| Data |
□ □ □ □

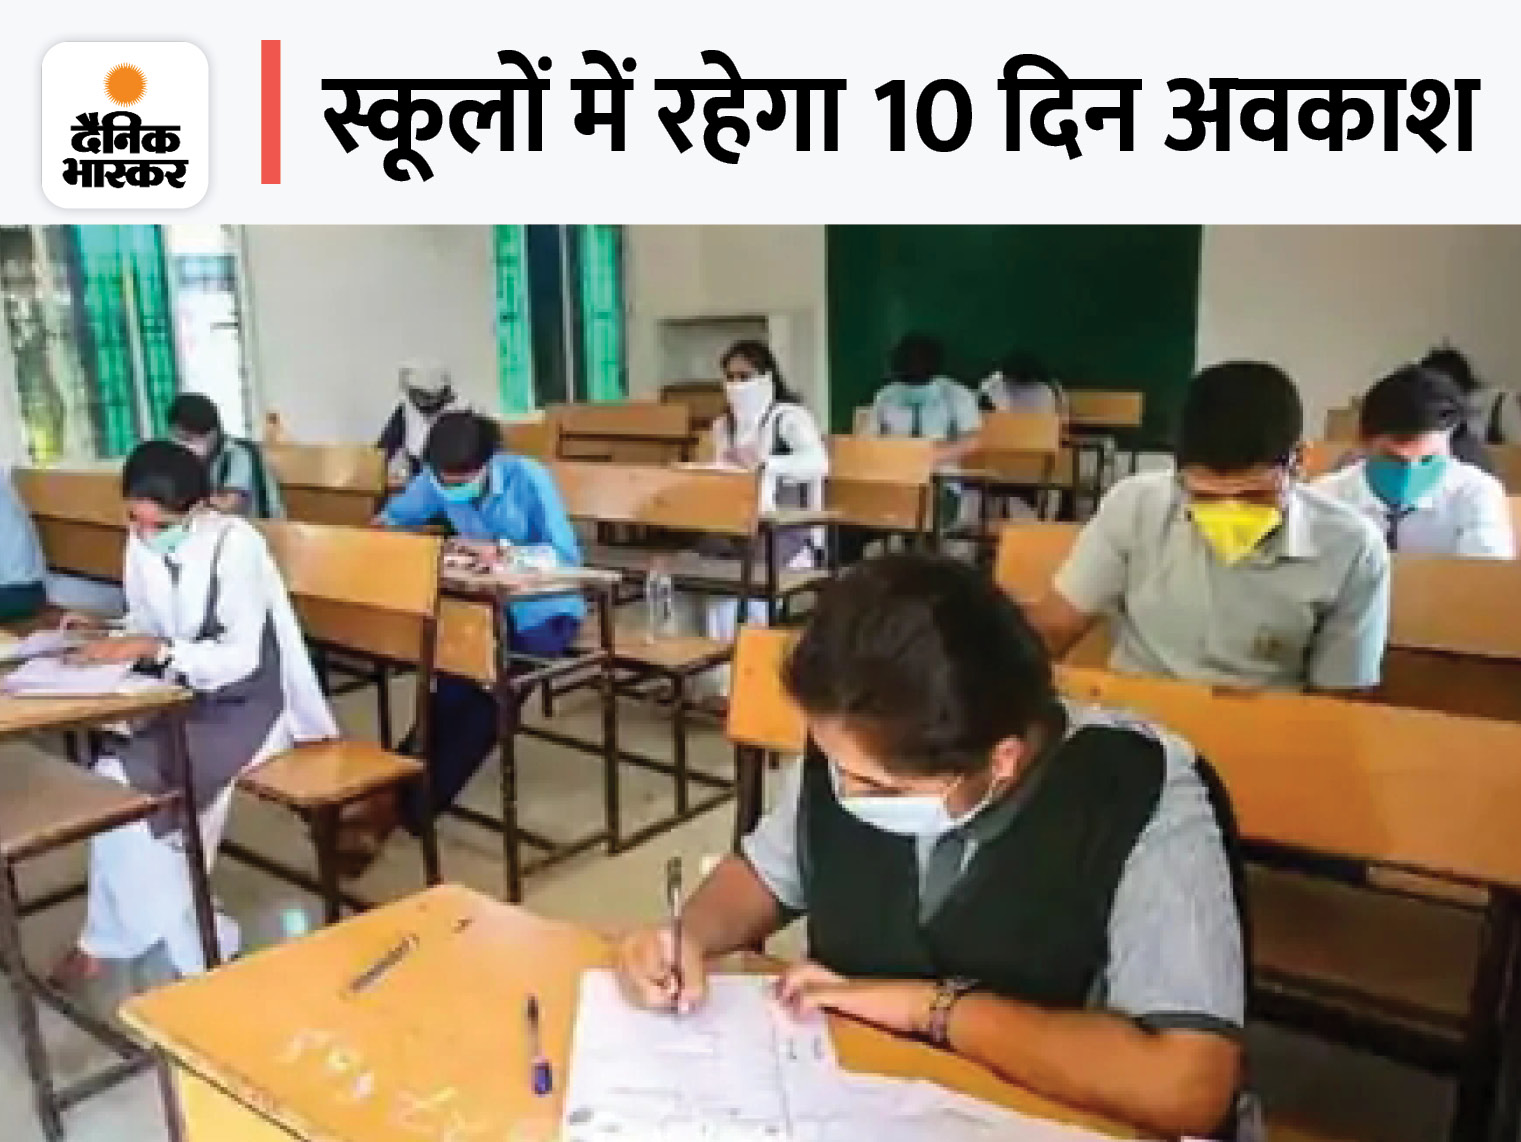 दिवाली पर स्कूलों में 29 अक्टूबर से 7 नवंबर तक रहेंगी छुट्टियां, शिक्षकों के विरोध के बाद बदला फैसला|जयपुर,Jaipur - Dainik Bhaskar
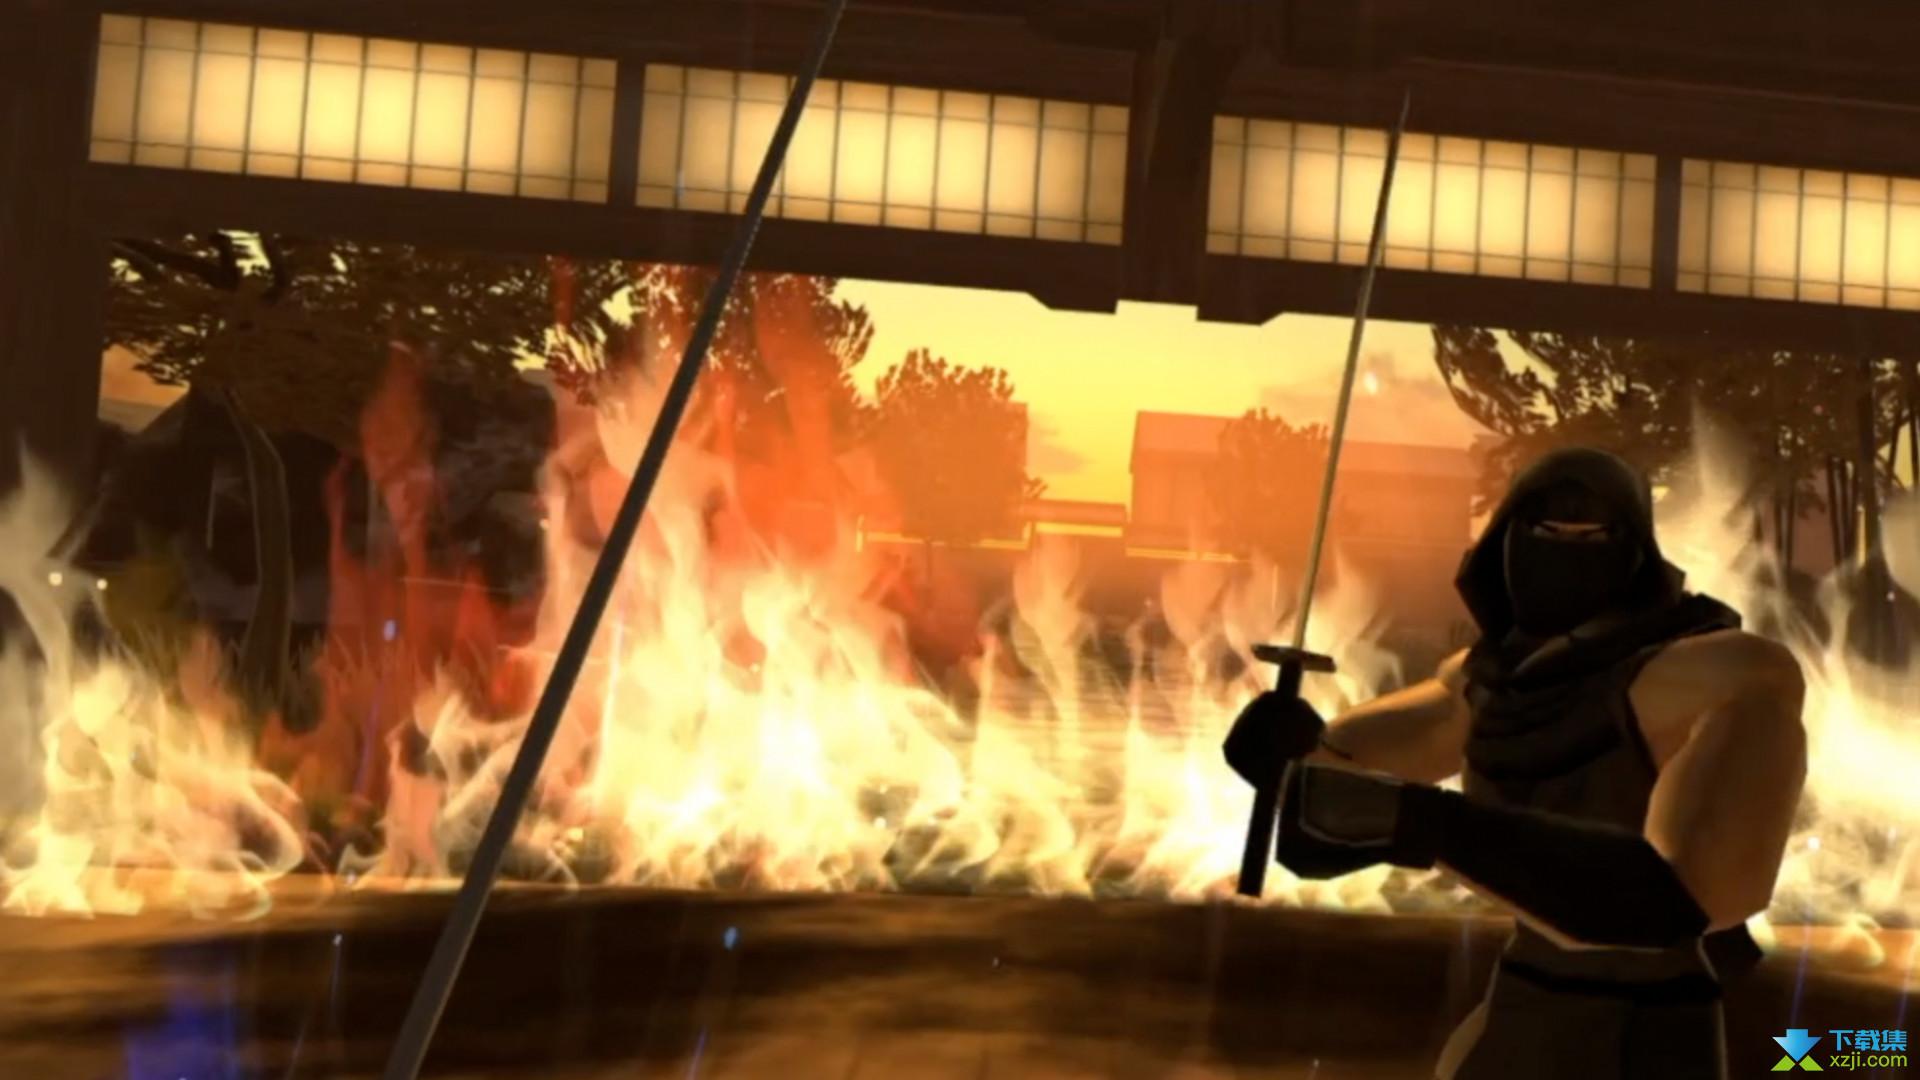 忍者传说界面4
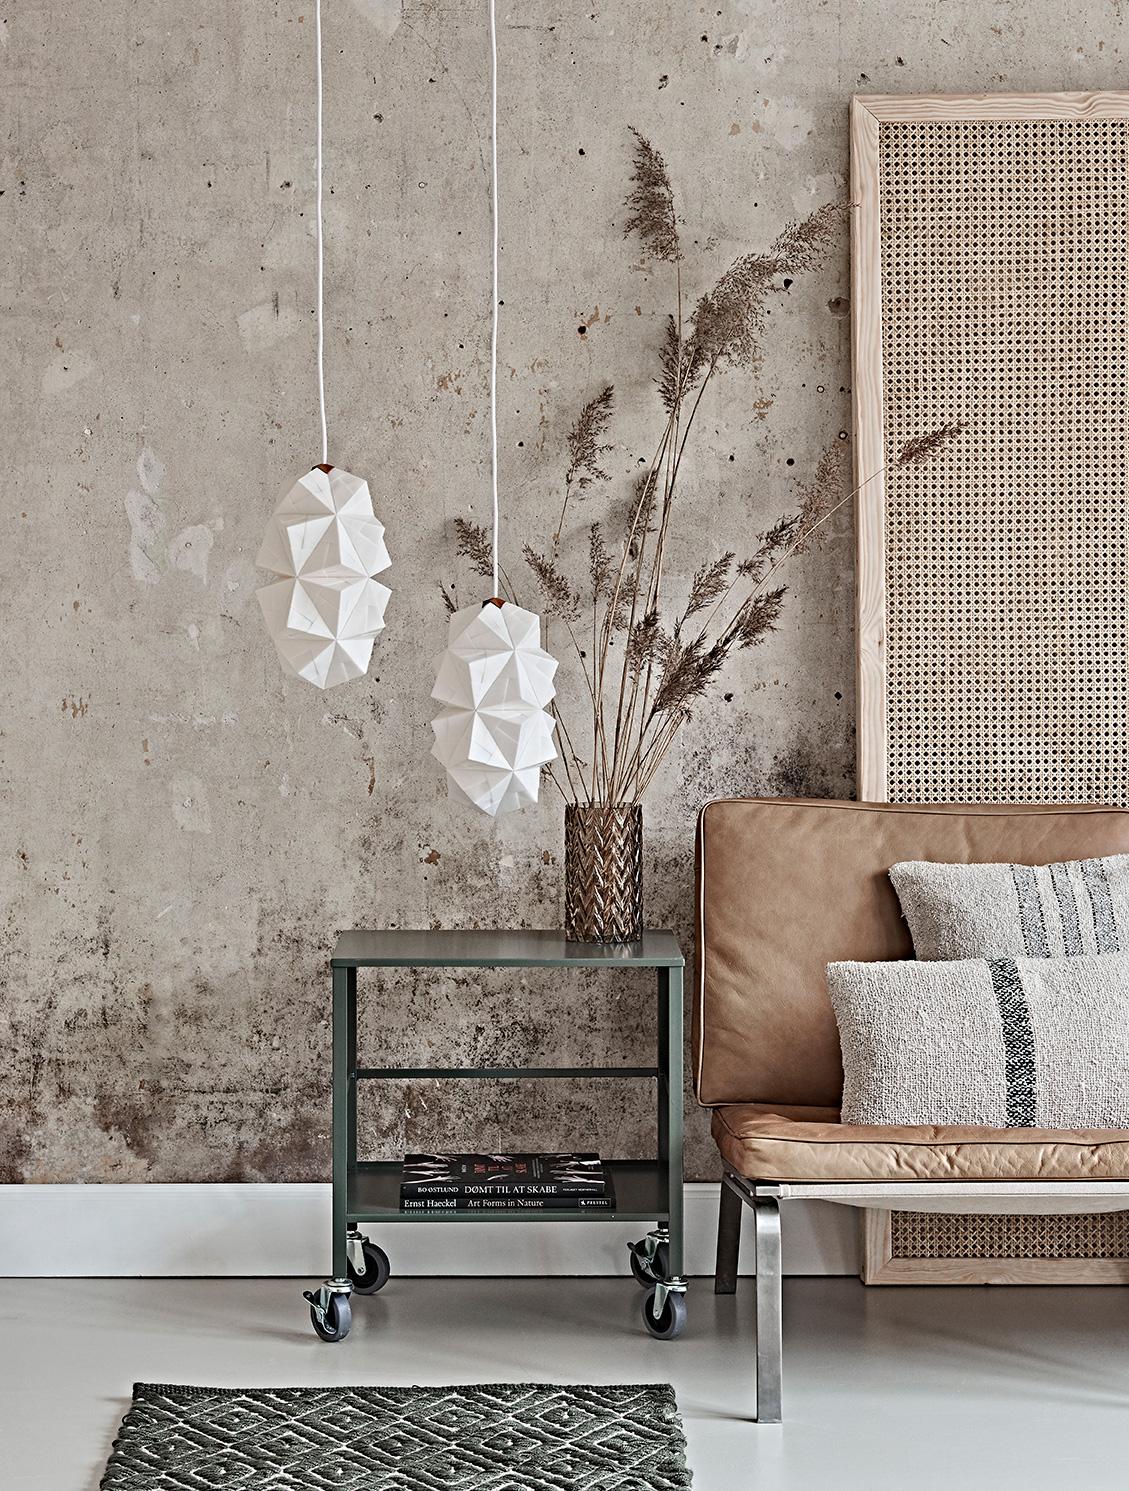 Stylet miljøfoto af Sonobe Light håndfoldede papirlamper af Charlotte Brandt, her model Cala pendel x 2 i small
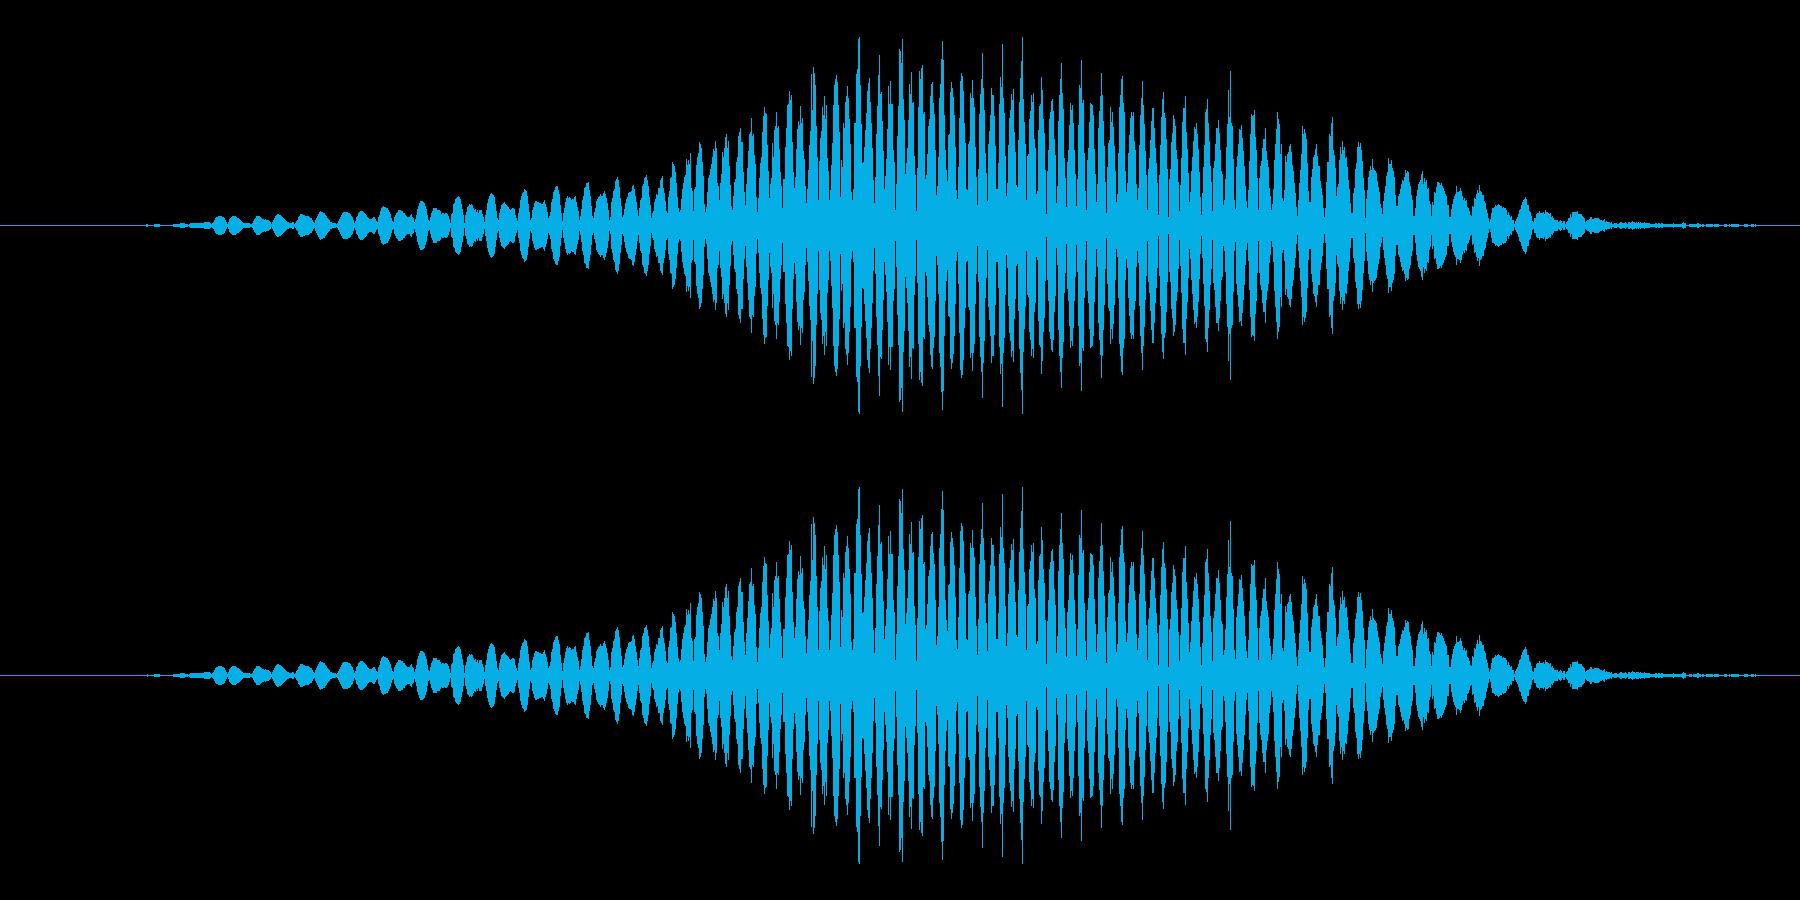 「に(2)」渋い男性の声の再生済みの波形

□ □ □ □

| Exercise instructions |
Word for word, output the whole listing, but not its pictures.

| Output below |
 दिवाली पर स्कूलों में 29 अक्टूबर से 7 नवंबर तक रहेंगी छुट्टियां, शिक्षकों के विरोध के बाद बदला फैसला|जयपुर,Jaipur - Dainik Bhaskar
 忍者传说界面4
 Stylet miljøfoto af Sonobe Light håndfoldede papirlamper af Charlotte Brandt, her model Cala pendel x 2 i small
 「に(2)」渋い男性の声の再生済みの波形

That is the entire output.